Environment Agency News Release

Salmon are making a comeback in the River Valency – the main river flowing through Boscastle.

In 2004 more than 70 vehicles were washed out of Boscastle car park and into the harbour after the River Valency burst its banks in one of the worst floods in living memory. A number of local buildings were extensively damaged.

The flood waters also swept away salmon spawning gravel and most of the young fish in the river at the time. This exceptional event resulted in local salmon and trout numbers slumping to a 20 year low.

Four years on the once turbulent Valency is flowing more sedately and the risk of further flood devastation has been reduced thanks to a £5 million Environment Agency flood defence scheme due to be completed this summer.

Agency officers recently carried out a fish rescue on the River Valency to enable contractors to build a storage lagoon upstream of the main Boscastle car park. As well as brown trout and eels, they found a surprising number of young salmon or smolts.

The young salmon were re-located further down the Valency away from the area where the contractors were about to start work. Two years old and approximately six inches in length, the smolts are ready to leave the river and migrate to sea.

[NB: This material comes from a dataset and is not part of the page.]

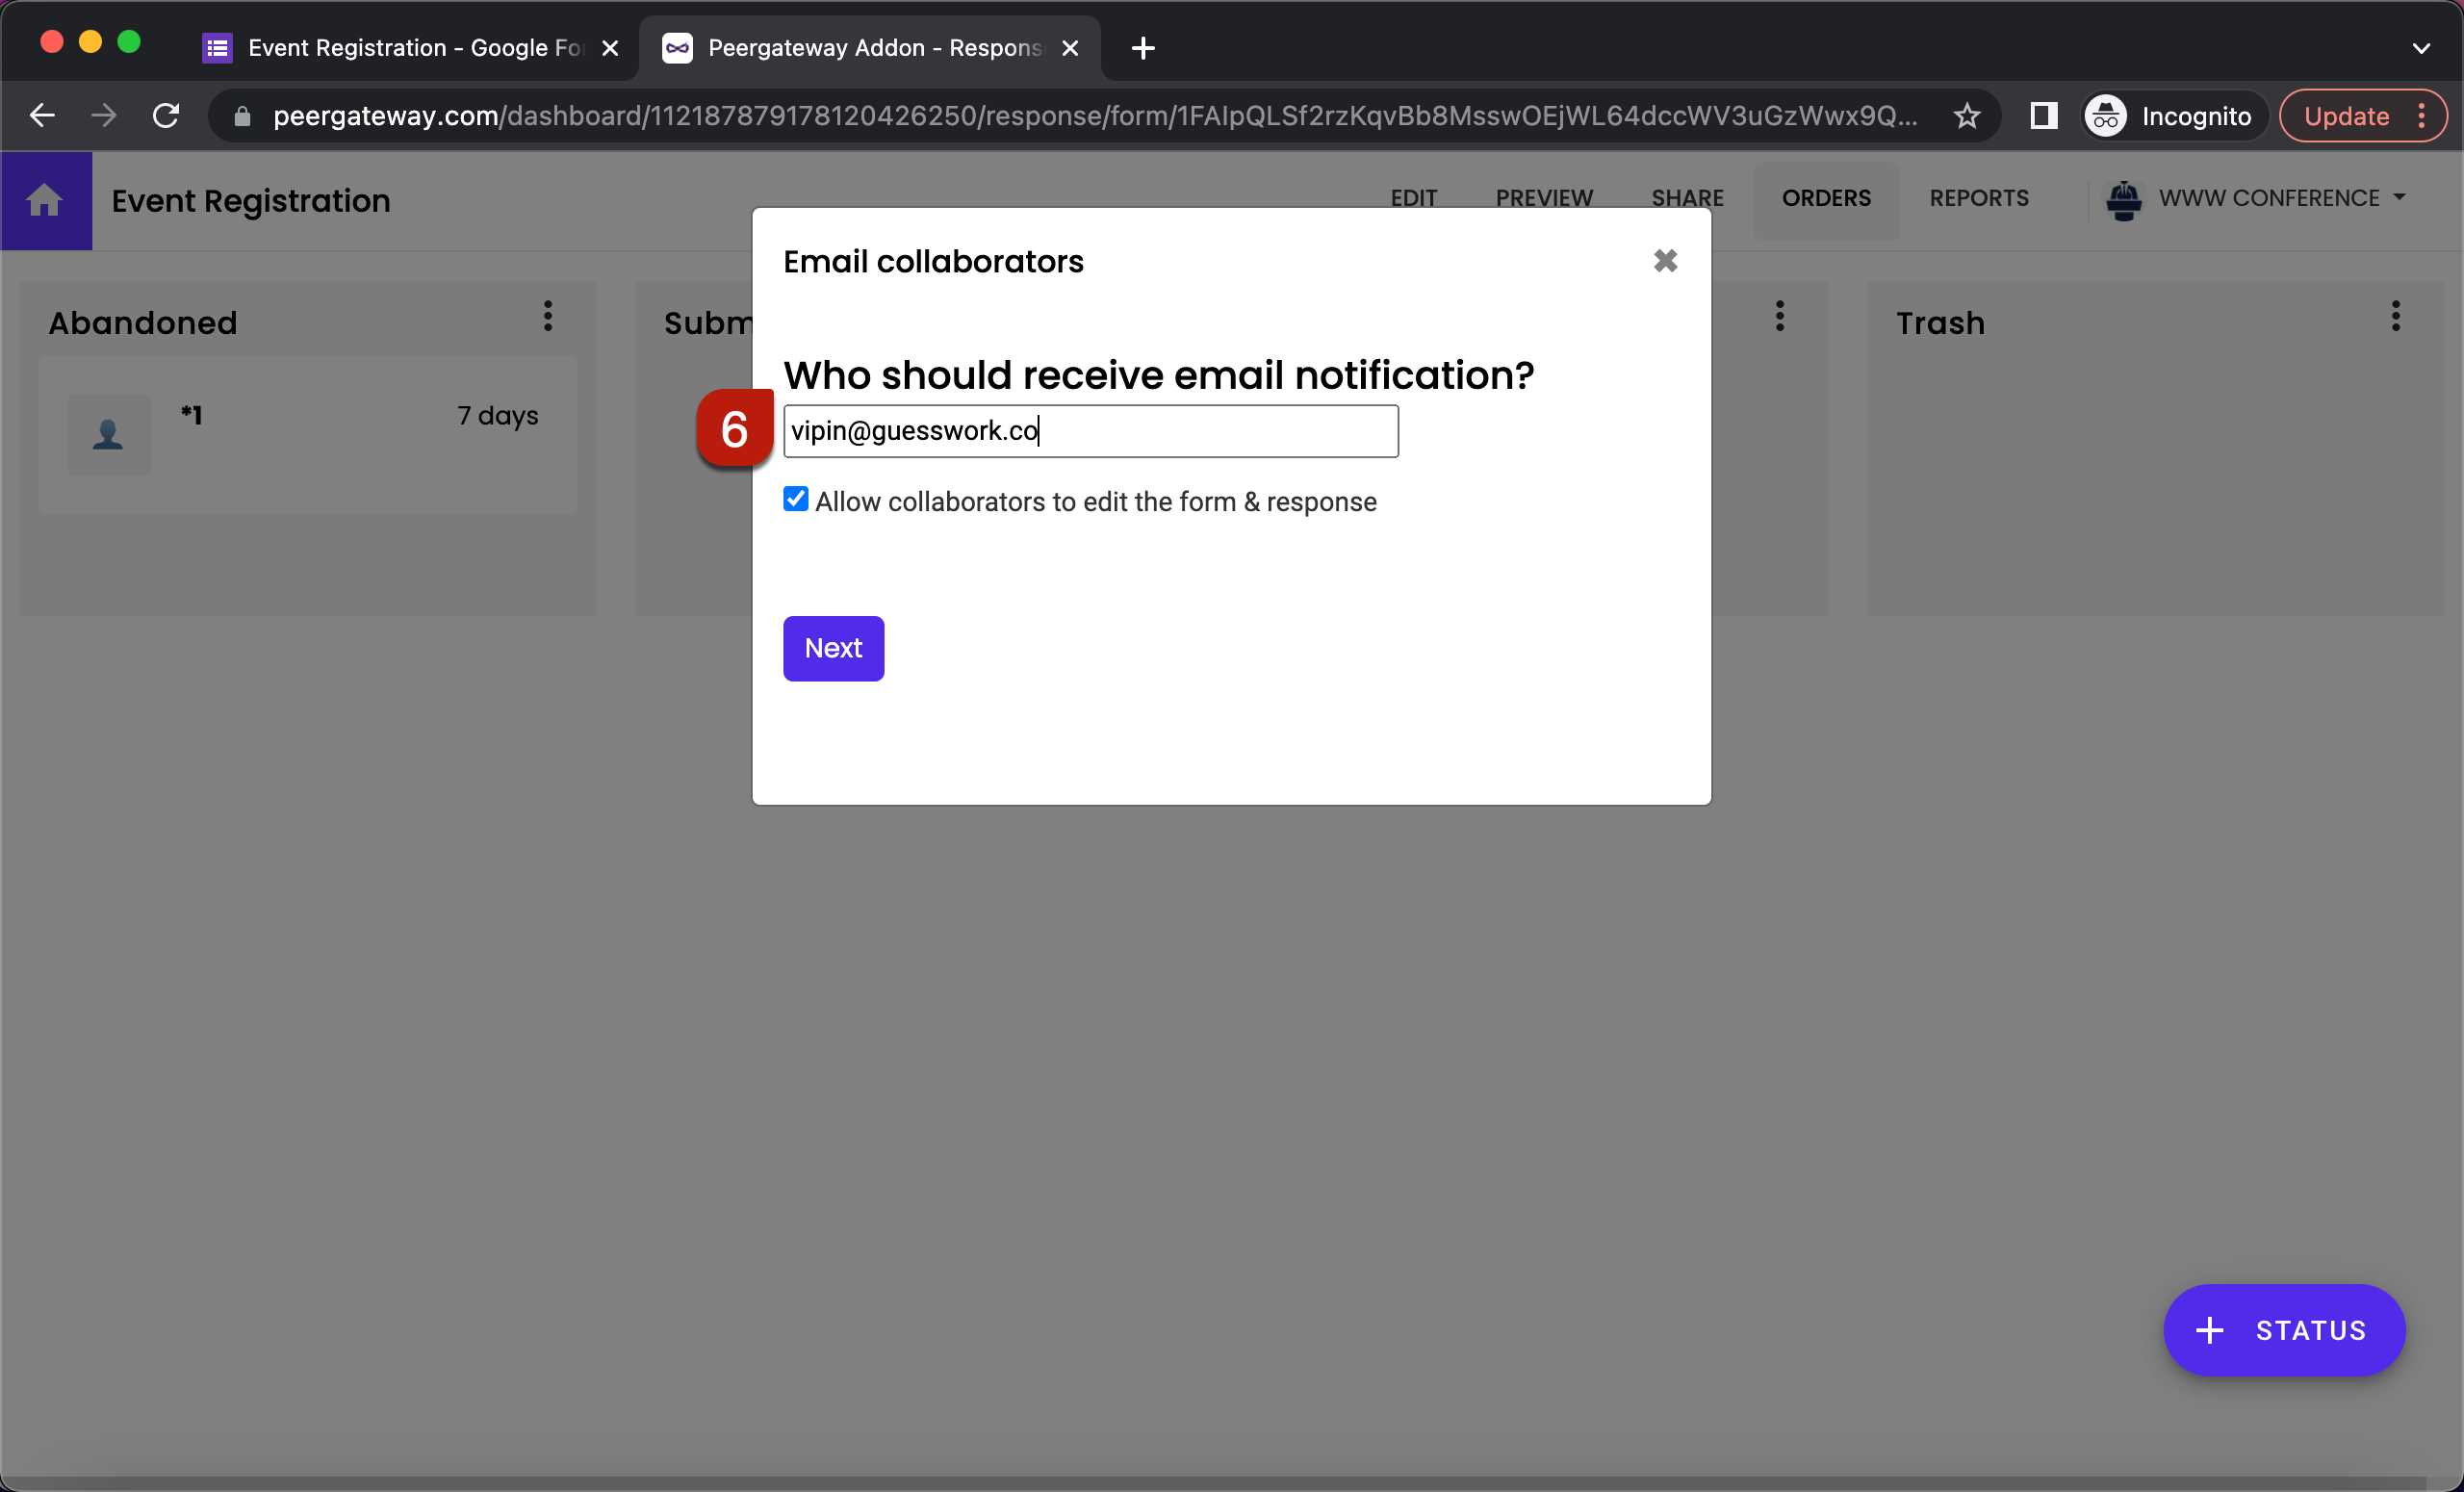 Step 6: Email notifications setup wizard will be displayed. Enter the email address and then click on the Next button. To notify multiple users, you can enter a list of email addresses or an email group separated by commas.
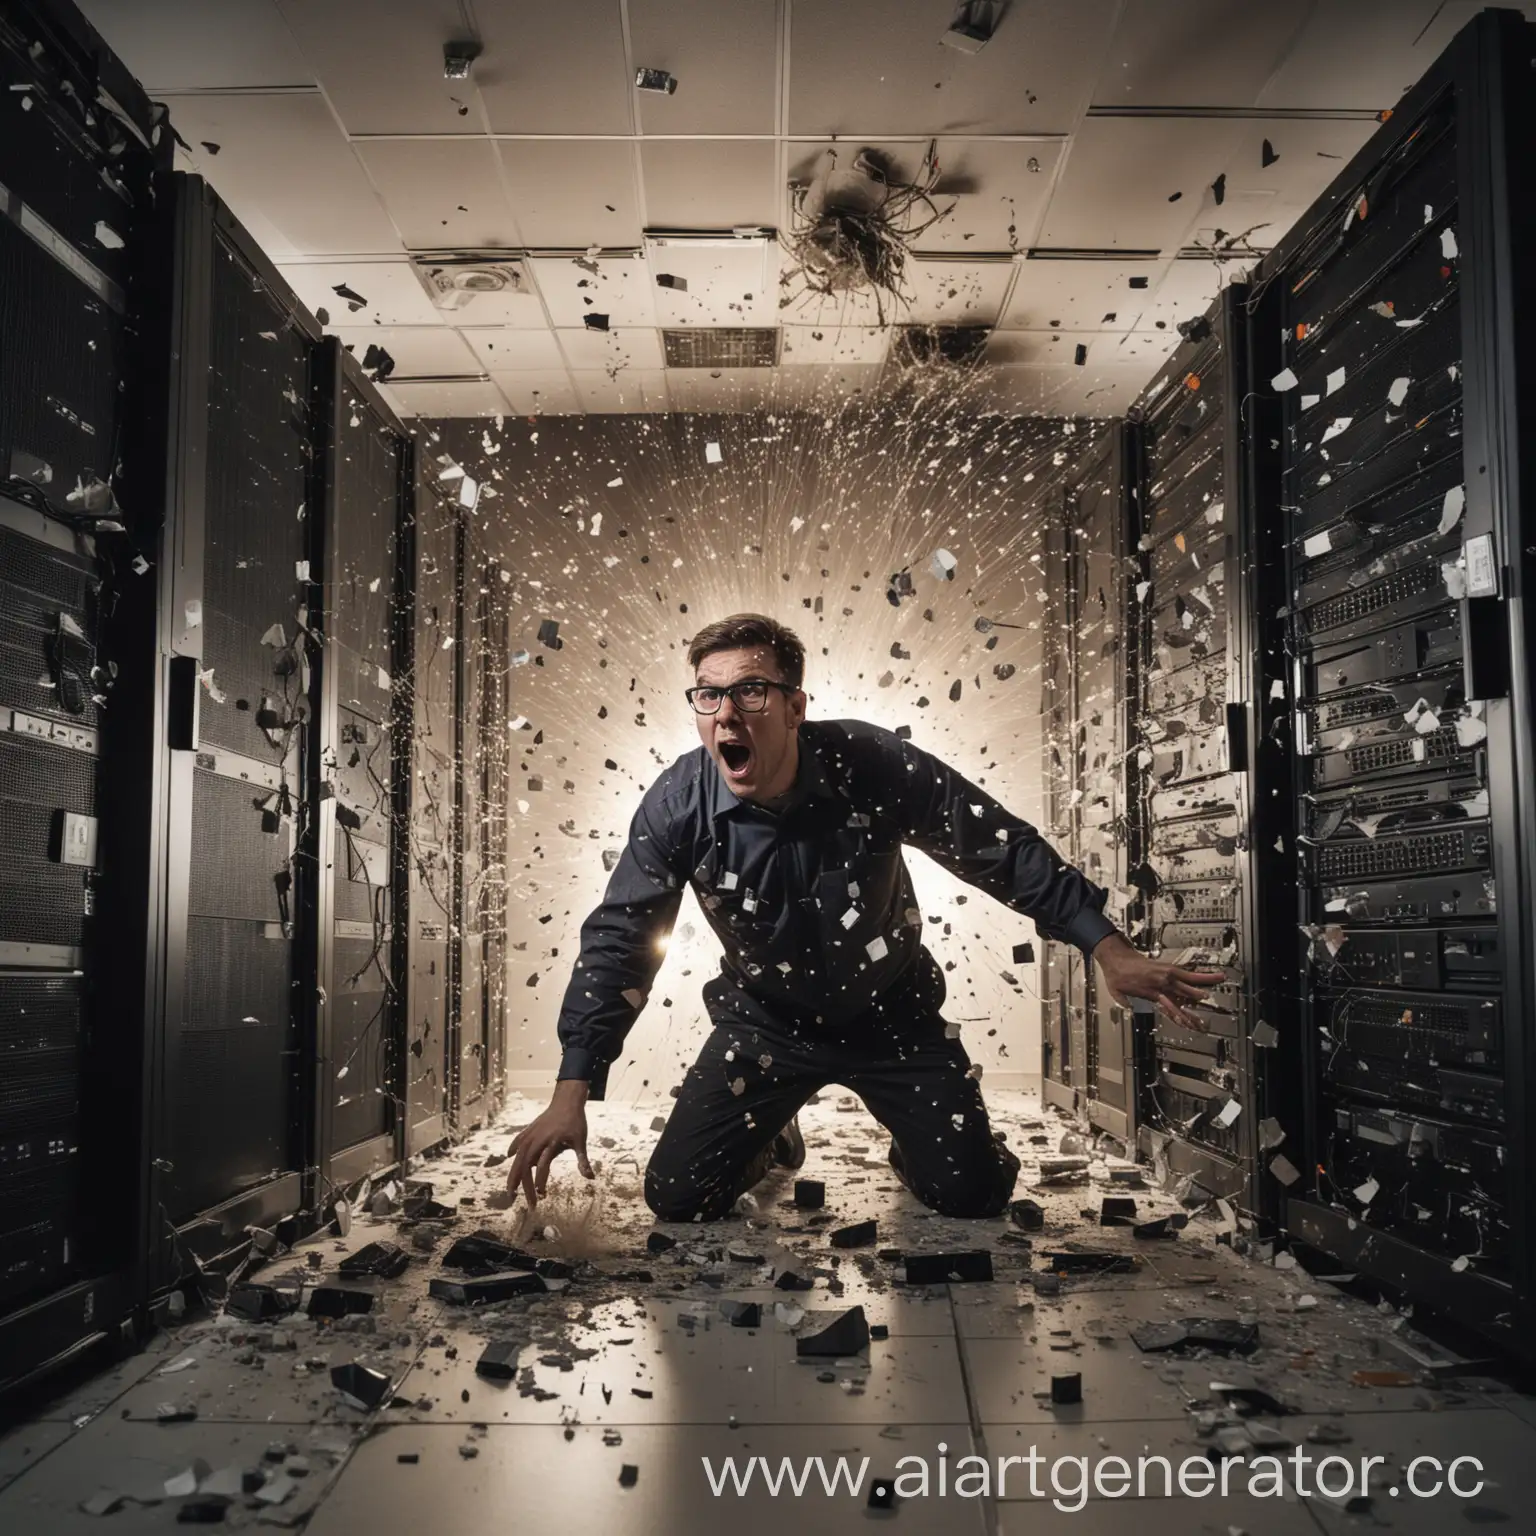 System-Administrator-Amidst-Server-Room-Chaos-and-Explosions

‘We are delighted Boscastle still has a thriving population of salmon after all the work that has taken place since the 2004. Hopefully, some of the smolts rescued by the Agency will mature at sea and return to the Valency to spawn. Despite the national decline in salmon stocks, many rivers in Cornwall have healthy or increasing fish numbers’ said Simon Toms for the Environment Agency.

‘Salmon are highly sensitive to the quality of their surroundings. The increase in numbers is probably due to several factors including habitat improvements, a reduction in the netting of wild salmon at sea and the efforts of local people, landowners and businesses,’ said Simon Toms.

As well as the Valency, the Agency recently found salmon on the Porth River near Newquay and sea trout in Bude Canal.

The Agency does not normally monitor fish numbers on the Valency and directs its resources, instead, on Cornwall’s larger rivers such as the Camel and Fowey that have their own Salmon Action Plans. The fish rescue operation at Boscastle provided officers with a valuable opportunity to carry out a health check on the river.